Directions for this task:
Below is a listing. Return the lines from the one that contains "MTX Audio Amplifiers" to the one that contains "een volwassen vrouw", both ends included, verbatim and with no pictures.

Given data:
-.-.-

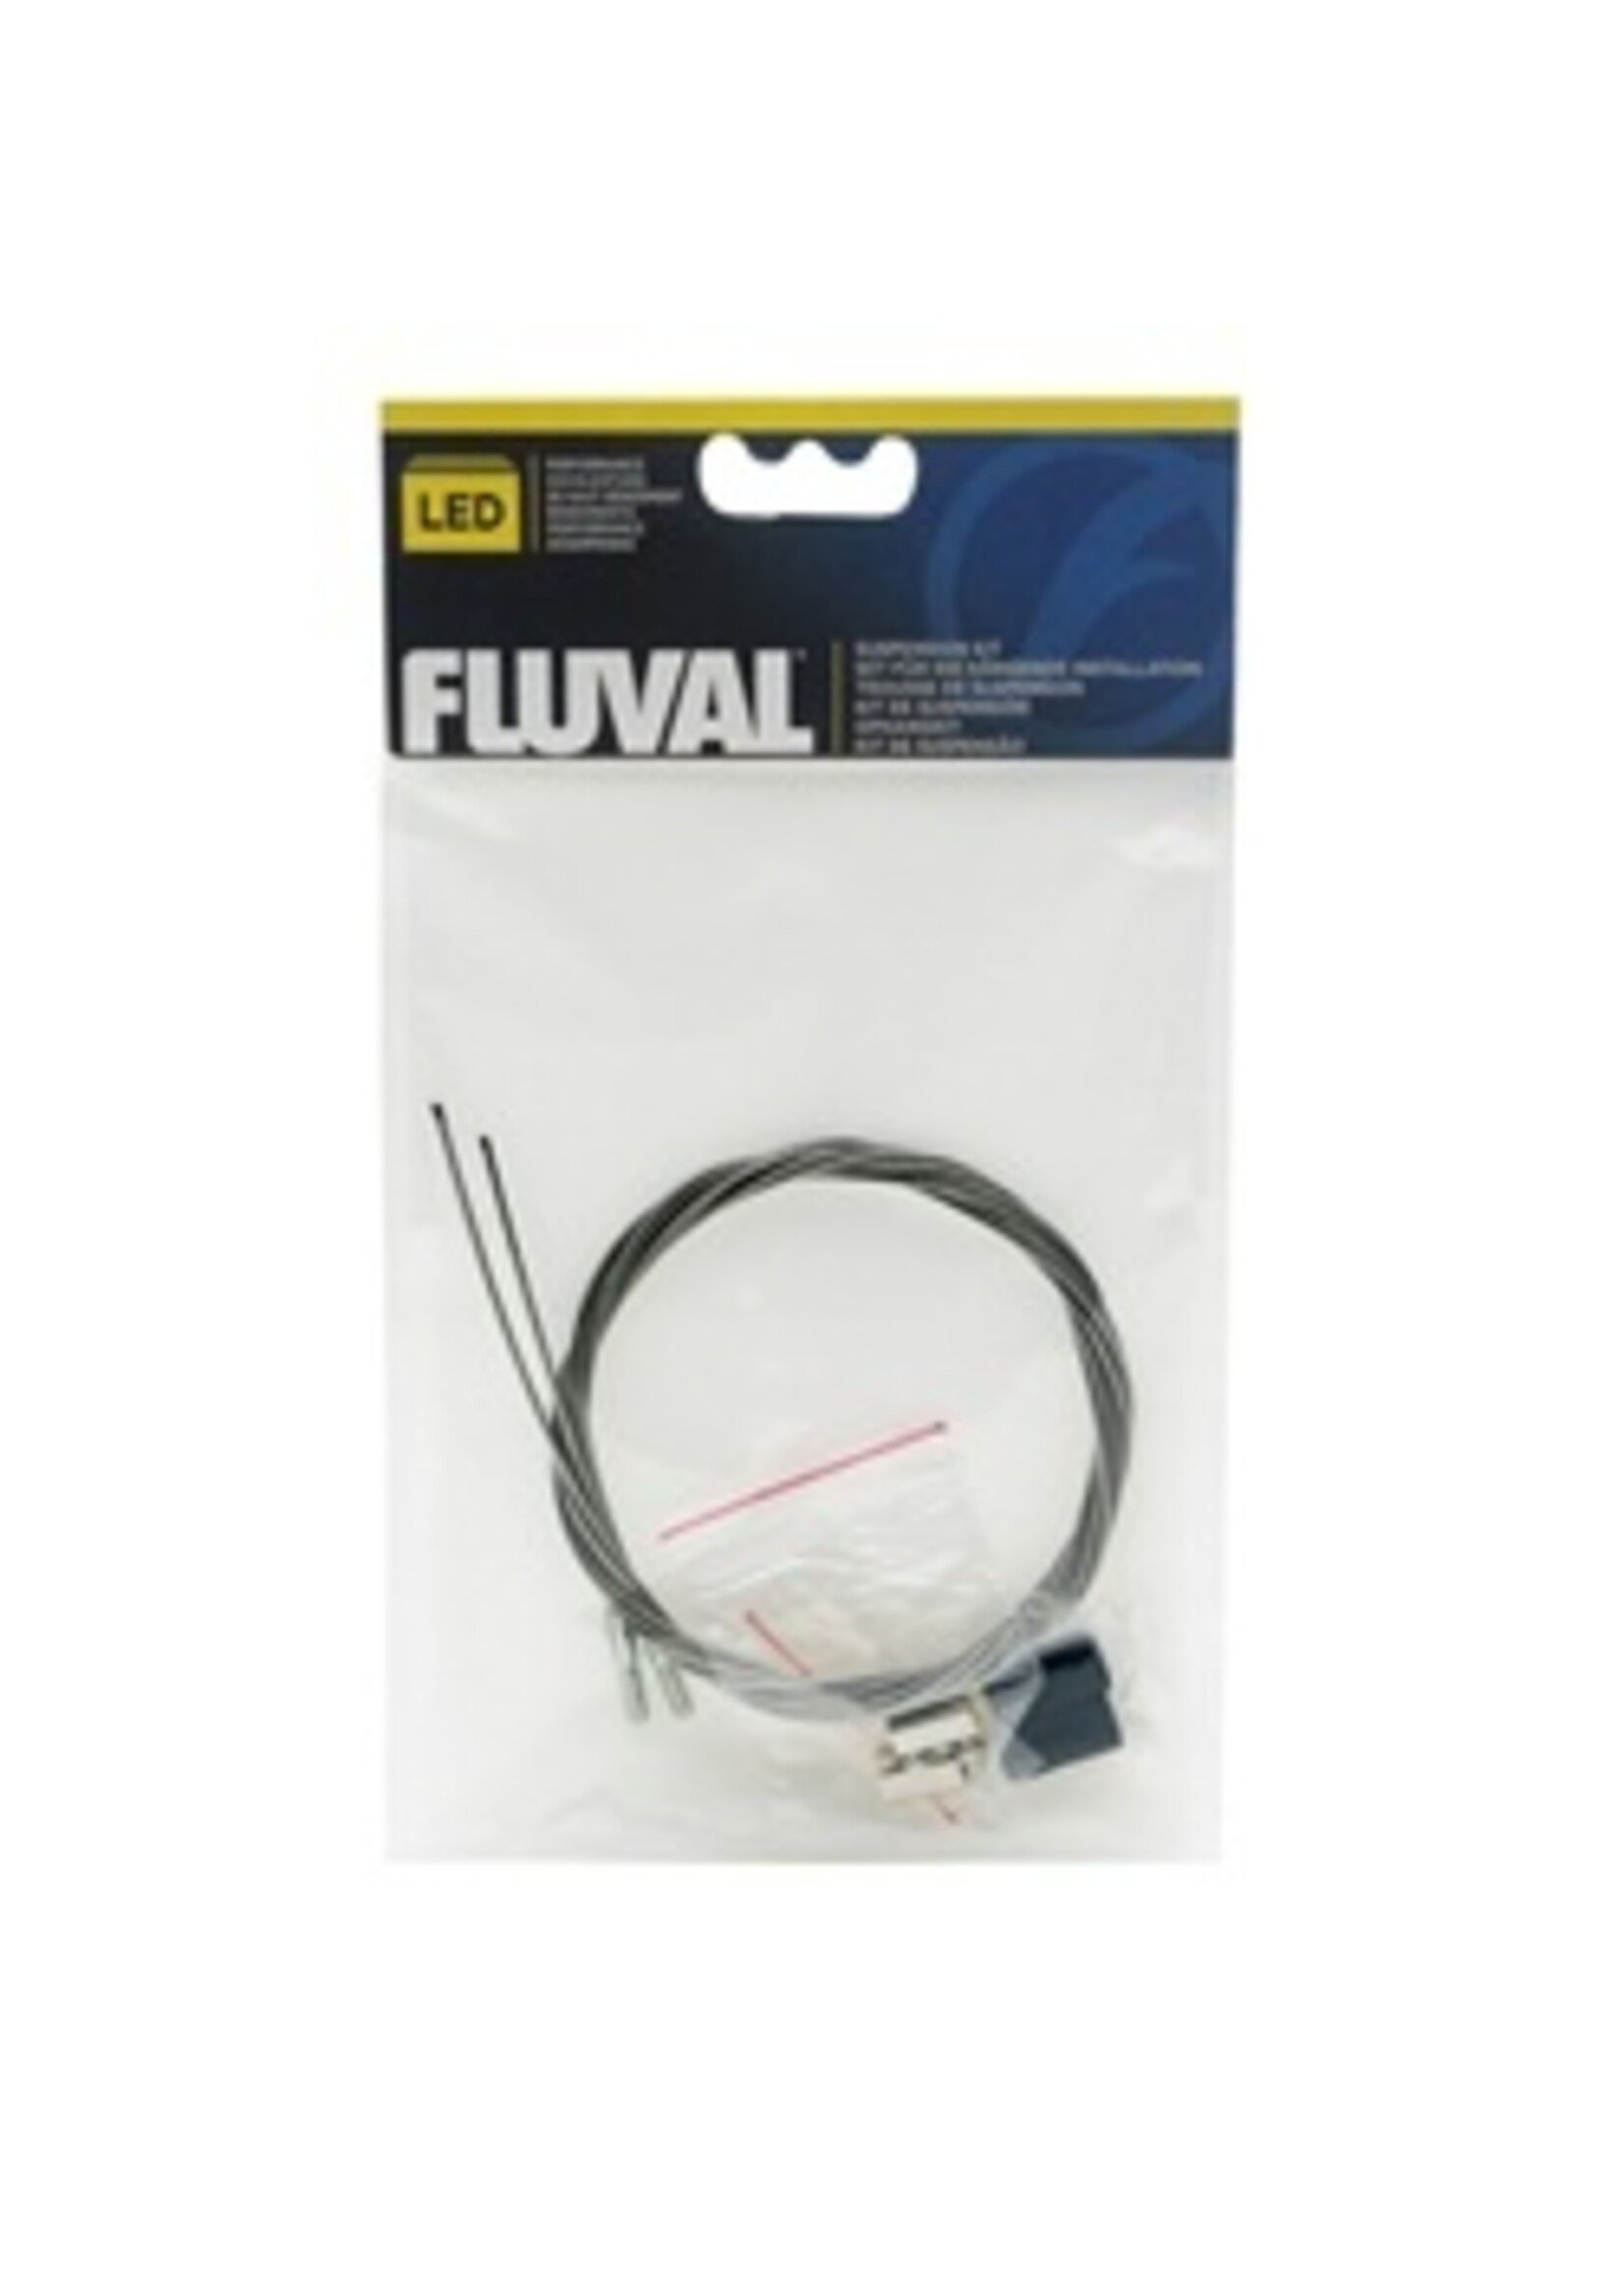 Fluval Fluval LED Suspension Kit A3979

-.-.-

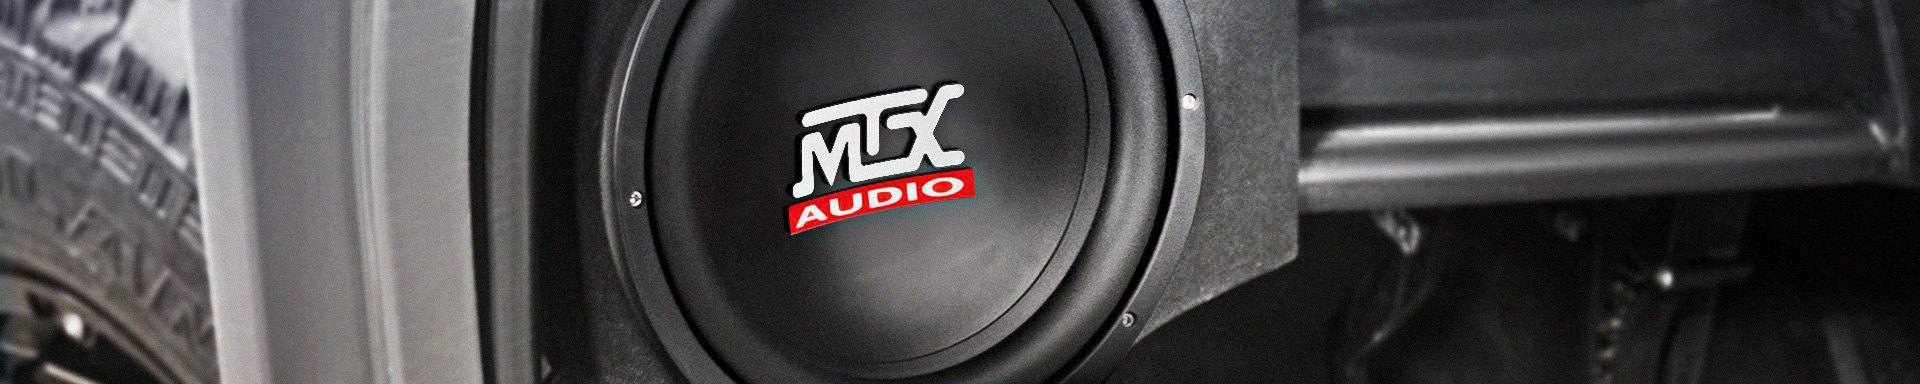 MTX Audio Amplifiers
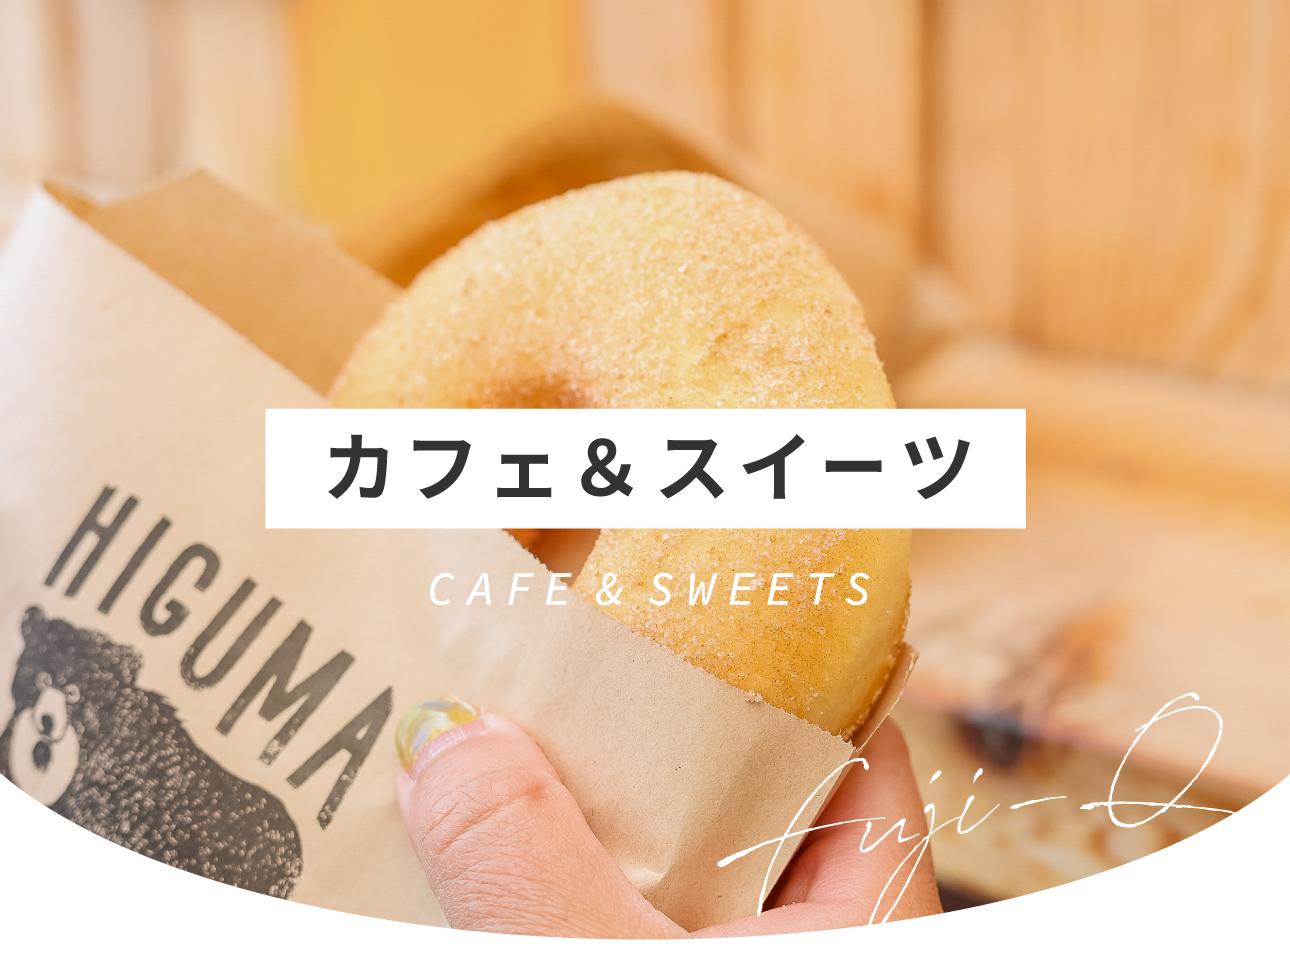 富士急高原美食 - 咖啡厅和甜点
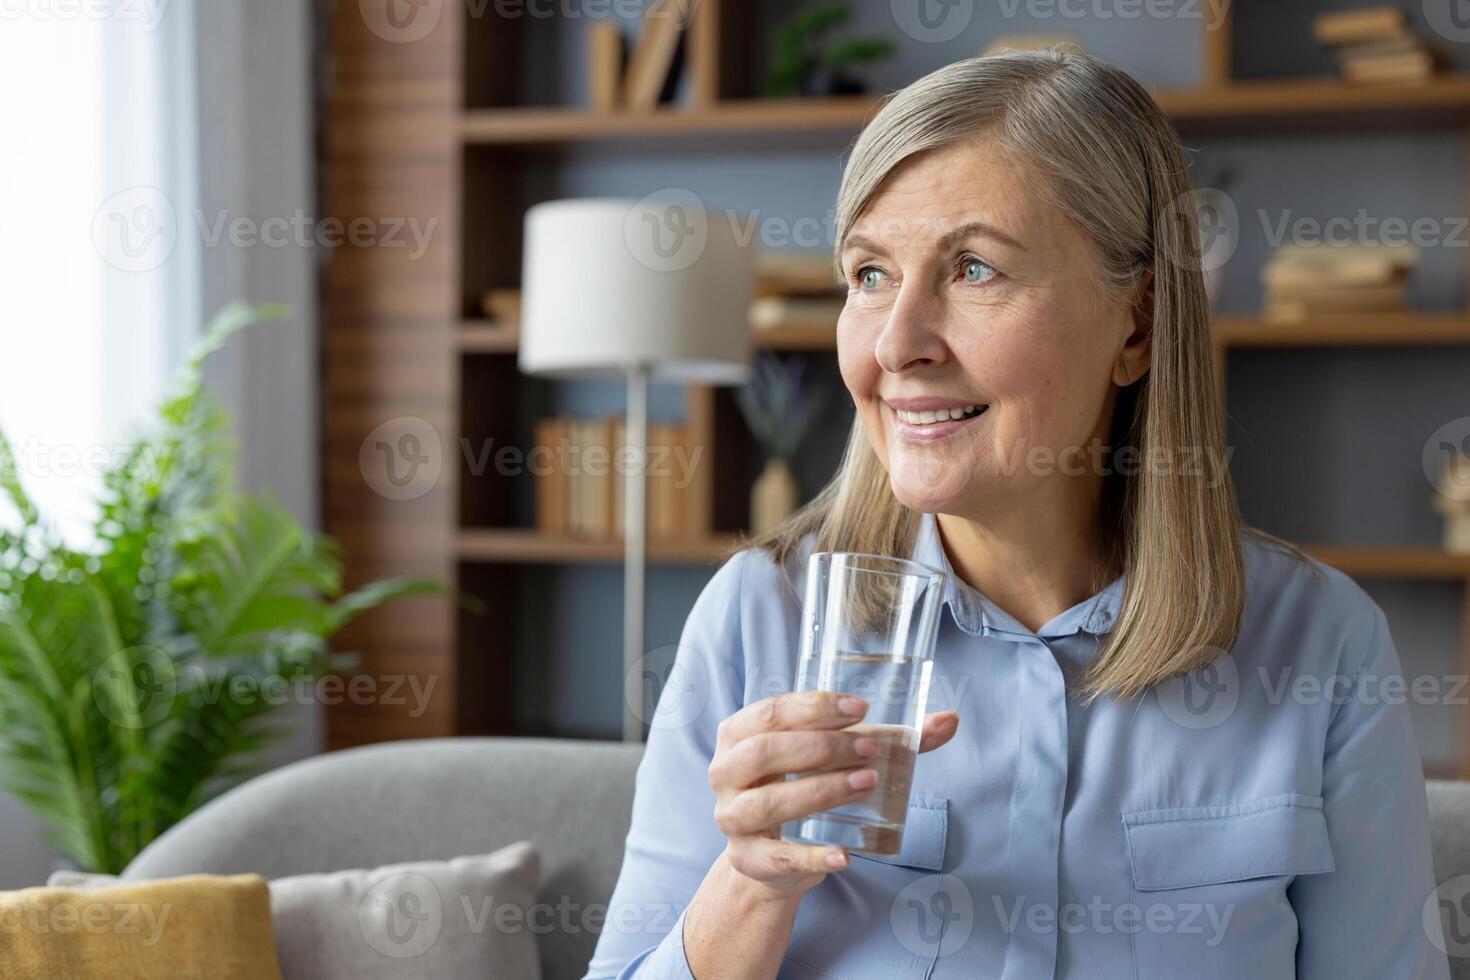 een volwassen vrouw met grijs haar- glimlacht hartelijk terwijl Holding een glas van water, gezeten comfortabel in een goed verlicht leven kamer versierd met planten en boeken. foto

-.-.-

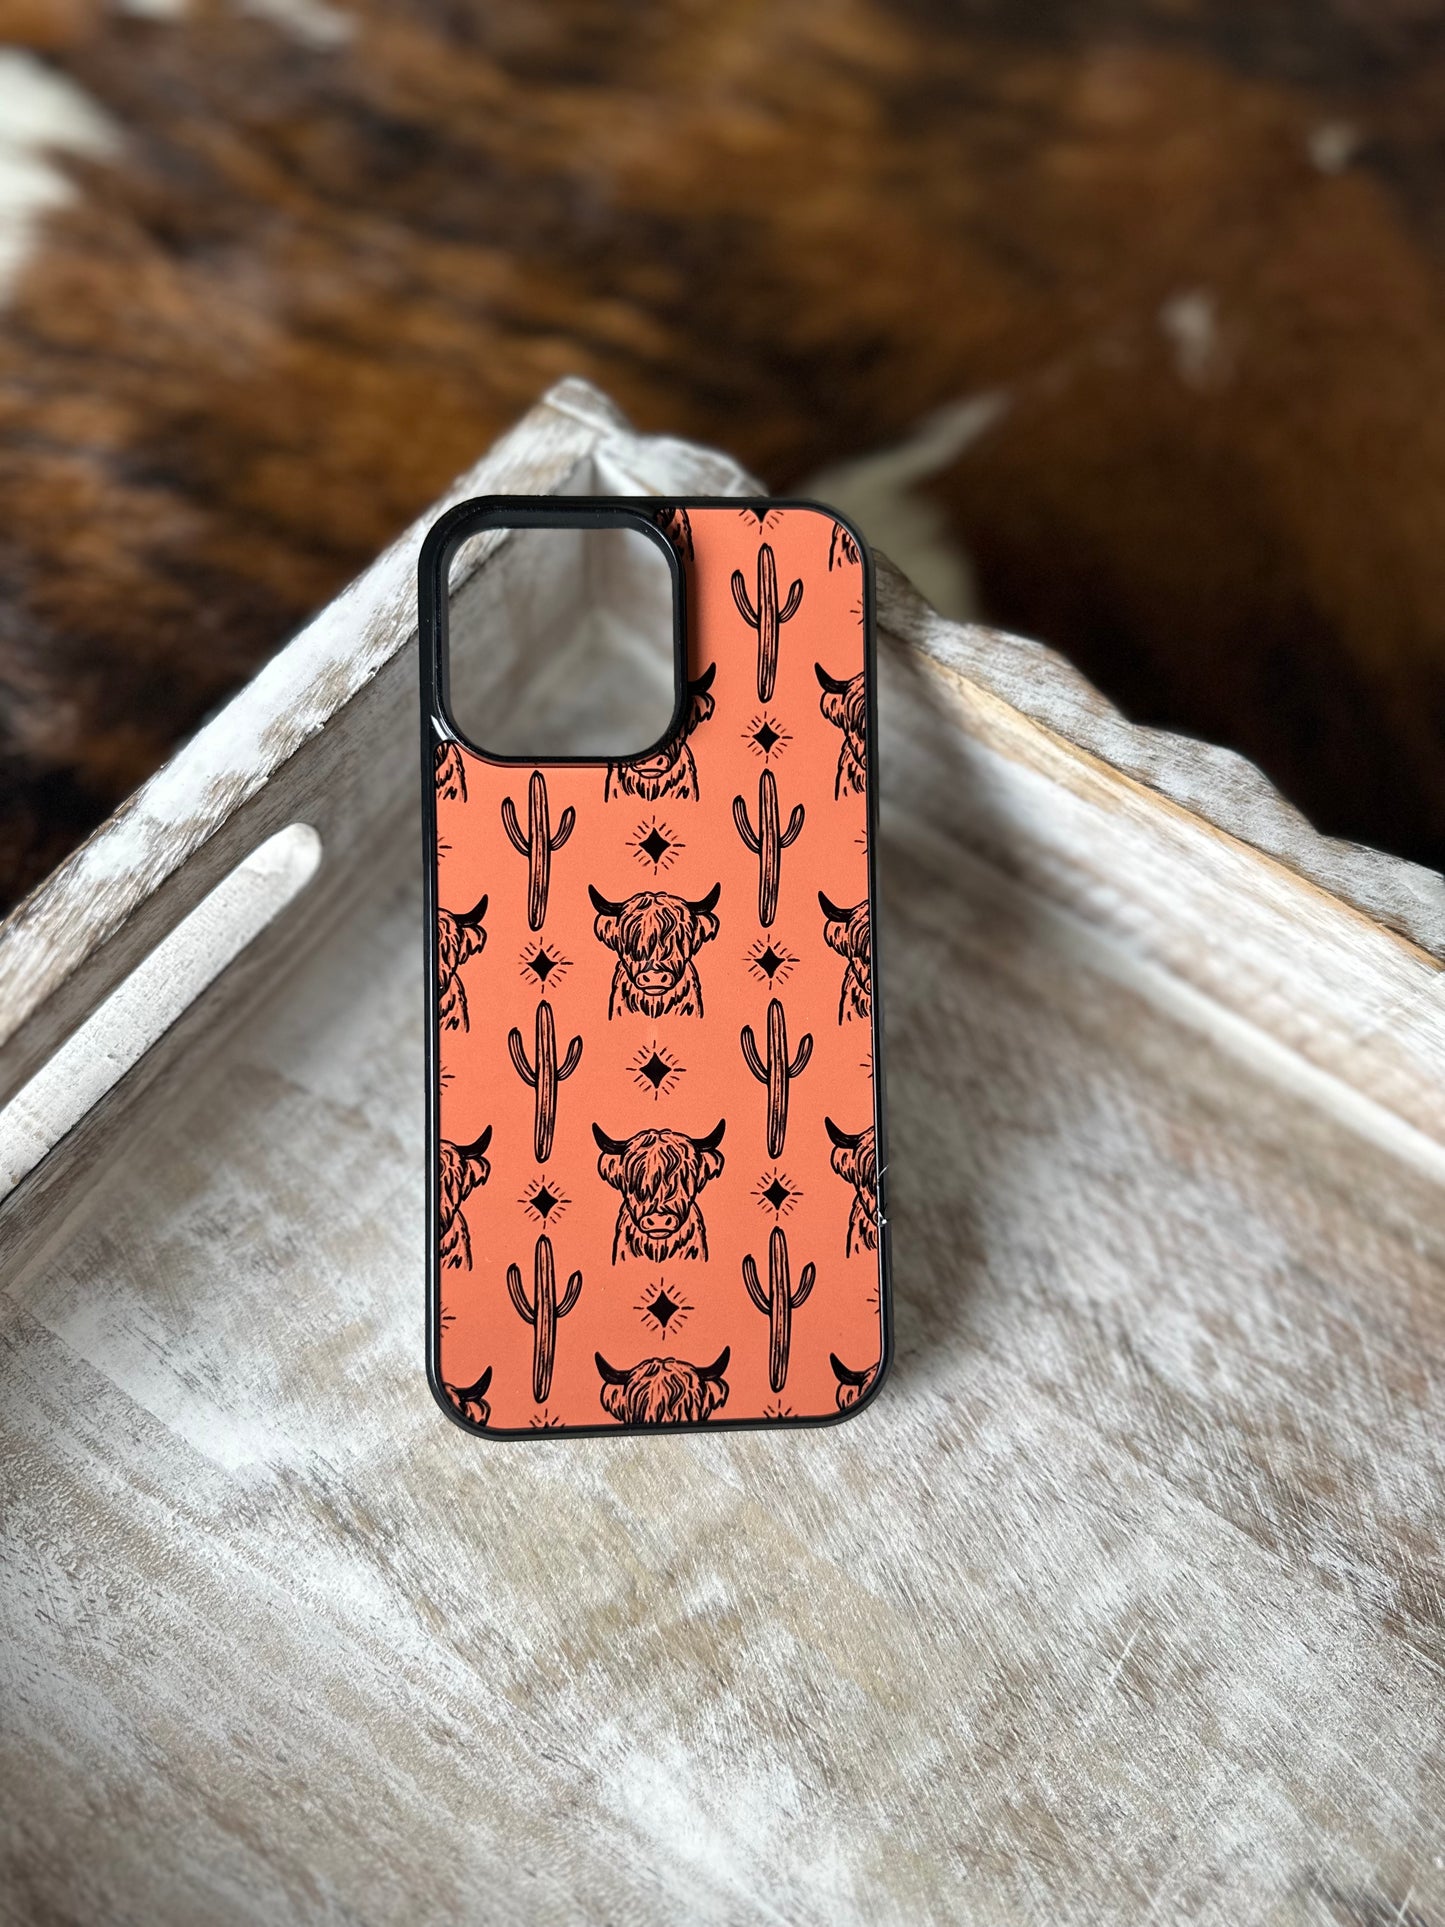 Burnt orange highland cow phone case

-.-.-

Response to this exercise:
 MTX Audio Amplifiers
 富士急高原美食 - 咖啡厅和甜点
 een volwassen vrouw met grijs haar- glimlacht hartelijk terwijl Holding een glas van water, gezeten comfortabel in een goed verlicht leven kamer versierd met planten en boeken. foto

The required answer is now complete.